Kafka Connect BigQuery Connector
This is an implementation of a sink connector from Apache Kafka to Google BigQuery, built on top of Apache Kafka Connect.
Download
The current release is v2.8.0
We provide the following convenience packages
See the release notes for information on all releases.
The Kafka Connect BigQuery Connector is dependent upon or uses the following:
History
This connector was originally developed by WePay. In late 2020 the project moved to Confluent, with both companies taking on maintenance duties. In 2024, Aiven created its own fork based off the Confluent project in order to continue maintaining an open source, Apache 2-licensed version of the connector.
Configuration
Sample
An example connector configuration, that reads records from Kafka with JSON-encoded values and writes their values to BigQuery:
{
"connector.class": "com.wepay.kafka.connect.bigquery.BigQuerySinkConnector",
"topics": "users, clicks, payments",
"tasks.max": "3",
"value.converter": "org.apache.kafka.connect.json.JsonConverter",
"project": "kafka-ingest-testing",
"defaultDataset": "kcbq-example",
"keyfile": "/tmp/bigquery-credentials.json"
}
Configuration options documentation
See the Configuration options for a list of the connector's configuration properties.
Building from source
This project uses the Maven build tool.
To compile the project without running the integration tests execute mvn package -DskipITs
.
To build the documentation execute the following steps:
mvn install -DskipITs
mvn -f tools
mvn -f docs
Once the documentation is built it can be run by executing mvn -f docs site:run
.
Integration test setup
Integration tests require a live BigQuery and Kafka installation. Configuring those components is beyond the scope of this document.
Once you have the test environment ready, integration specific environment variables must be set.
Local configuration
- GOOGLE_APPLICATION_CREDENTIALS - the path to a json file that was download when the GCP account key was created.
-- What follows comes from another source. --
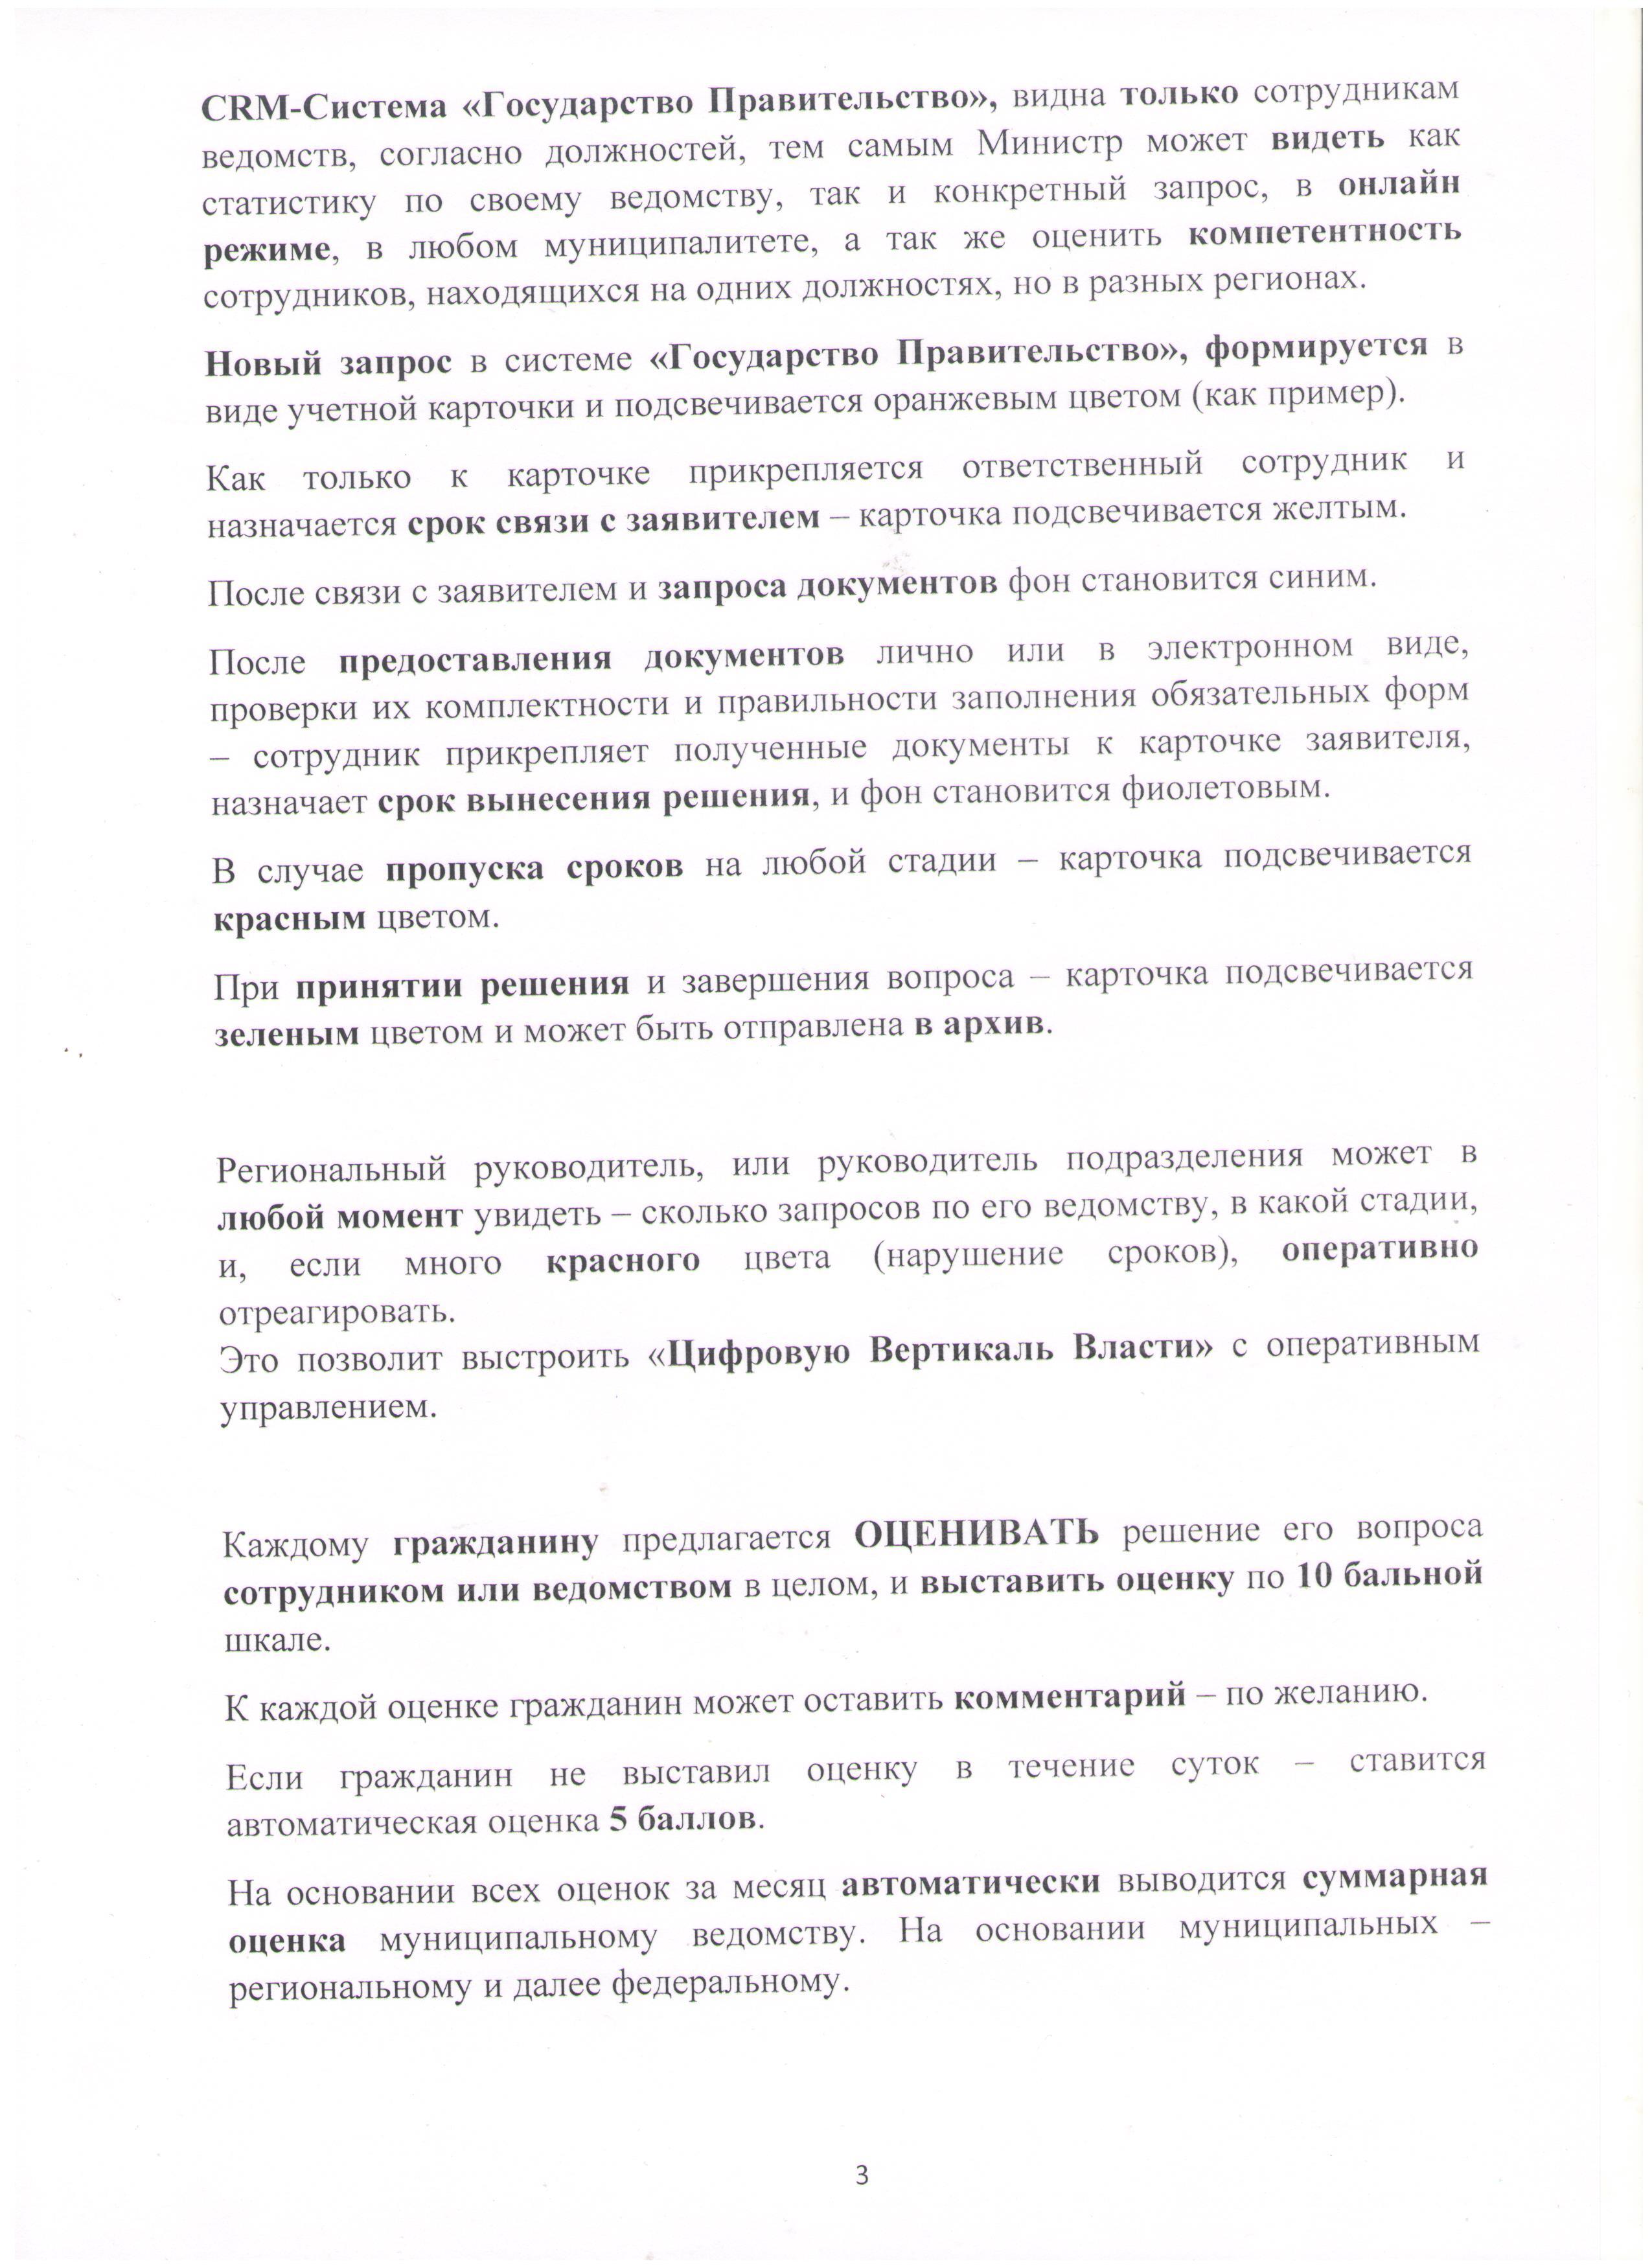  Открытое письмо Президенту РФ Лист 3

- KCBQ_TEST_BUCKET - the name of the bucket to use for testing,
- KCBQ_TEST_DATASET - the name of the dataset to use for testing,
- KCBQ_TEST_KEYFILE - same as the GOOGLE_APPLICATION_CREDENTIALS
- KCBQ_TEST_PROJECT - the name of the project to use.
GitHub configuration
To run the integration tests from a GitHub action the following variables must be set
- GCP_CREDENTIALS - the contents of a json file that was download when the GCP account key was created.
- KCBQ_TEST_BUCKET - the bucket to use for the tests
- KCBQ_TEST_DATASET - the data set to use for the tests.
- KCBQ_TEST_PROJECT - the project to use for the tests.